16. The system as claimed in claim 15, wherein:
each of said first processing devices of said distributed processing module includes a router for packet switching; and
each of said second processing devices of said distributed processing module includes an L2-cache that is shared among said second processing devices and that is configured to support operations involved in the local alignment and the PFA, and a router for packet switching.
17. The system as claimed in claim 15, wherein:
said CPU is configured to dynamically divide said second processing devices into clusters of various sizes according to sizes respectively of the query sequence of DNA and the reference sequence of DNA, to designate, for each of the clusters, one second processing device in the cluster as a cluster manager, and to distribute tasks to the cluster managers respectively of the clusters;
each of the distributed tasks has a scale that correlates positively with a cluster size of the cluster of the cluster manager that was distributed with the task.

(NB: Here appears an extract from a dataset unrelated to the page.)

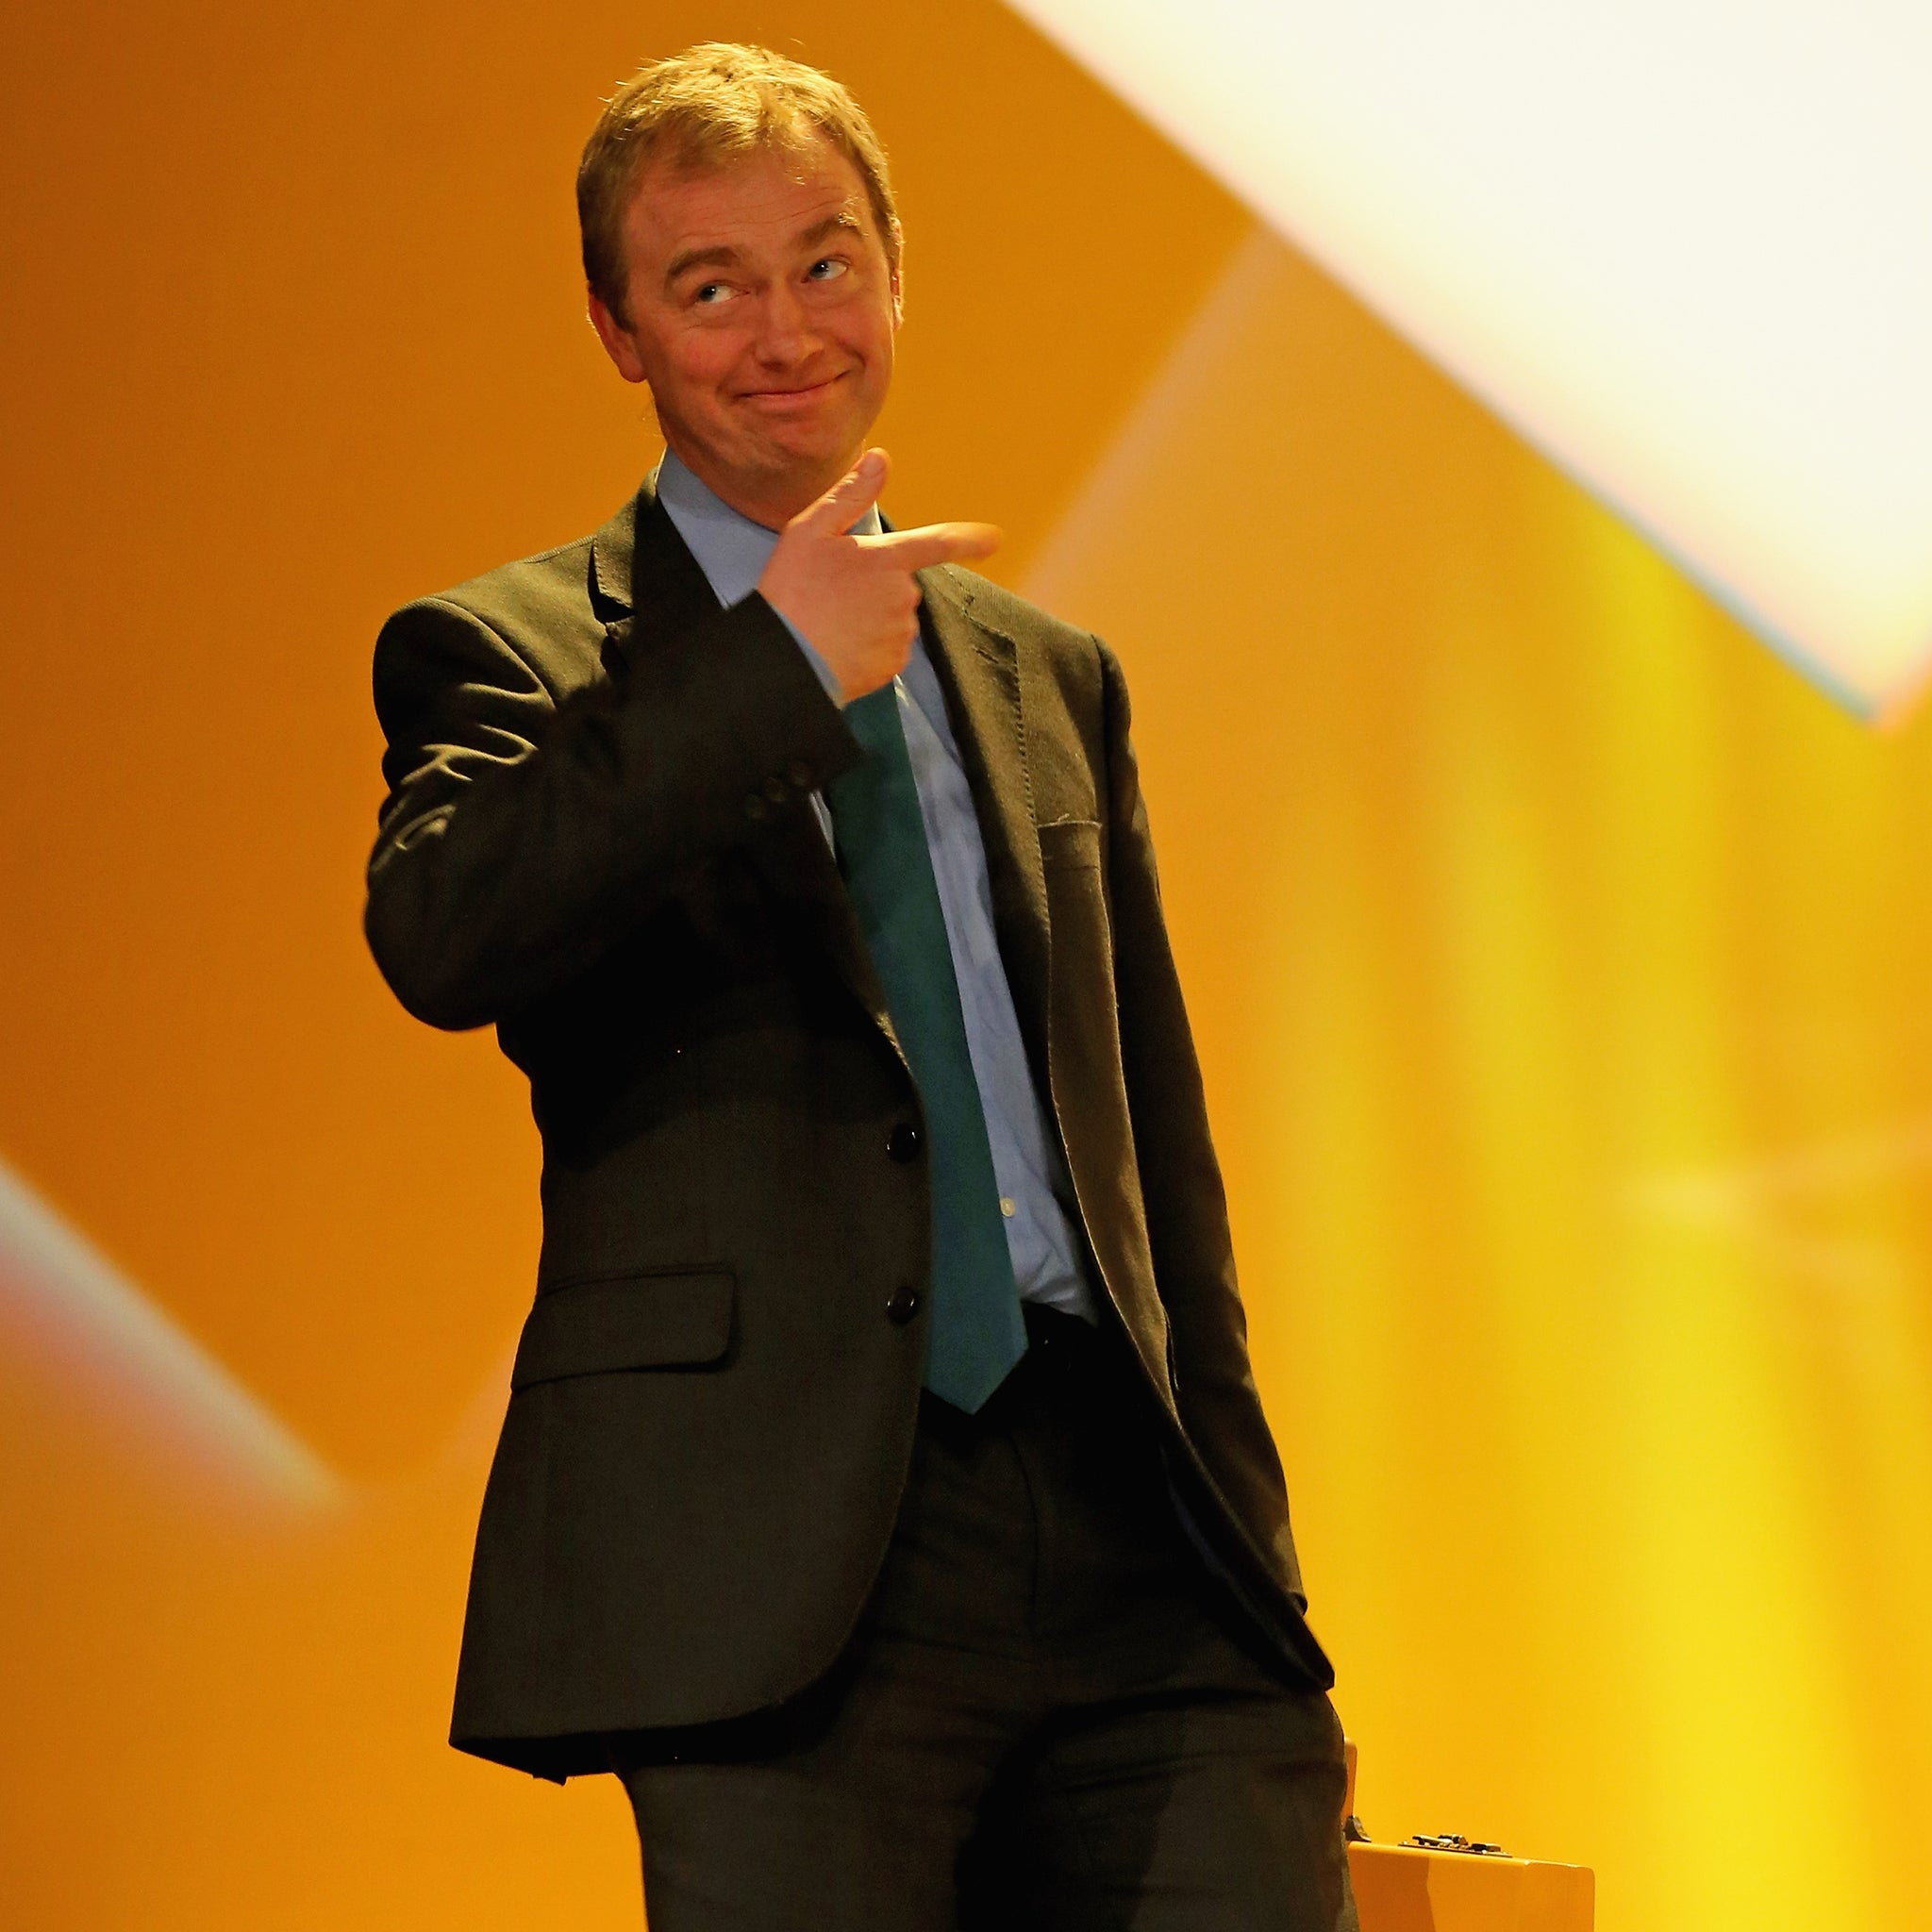 Tim Farron MP carries the Lib DEm 'budget box' on to the stage during the party's spring conference at the ACC on March 15, 2015 in Liverpool, England.

18. The system as claimed in claim 15, wherein:
said distributed processing module includes sixteen of said second processing devices, two of said sixteen second processing devices belonging respectively to two small clusters, six of said sixteen second processing devices belonging to three medium clusters each including two second processing devices, and eight of said sixteen second processing devices belonging to two large clusters each including four second processing devices; and
said CPU is configured to designate one second processing device in each of the small clusters, the medium clusters and the large clusters as a cluster manager, and to distribute a task to the cluster manager of one of the small clusters, the medium clusters and the large clusters according to a scale of the task.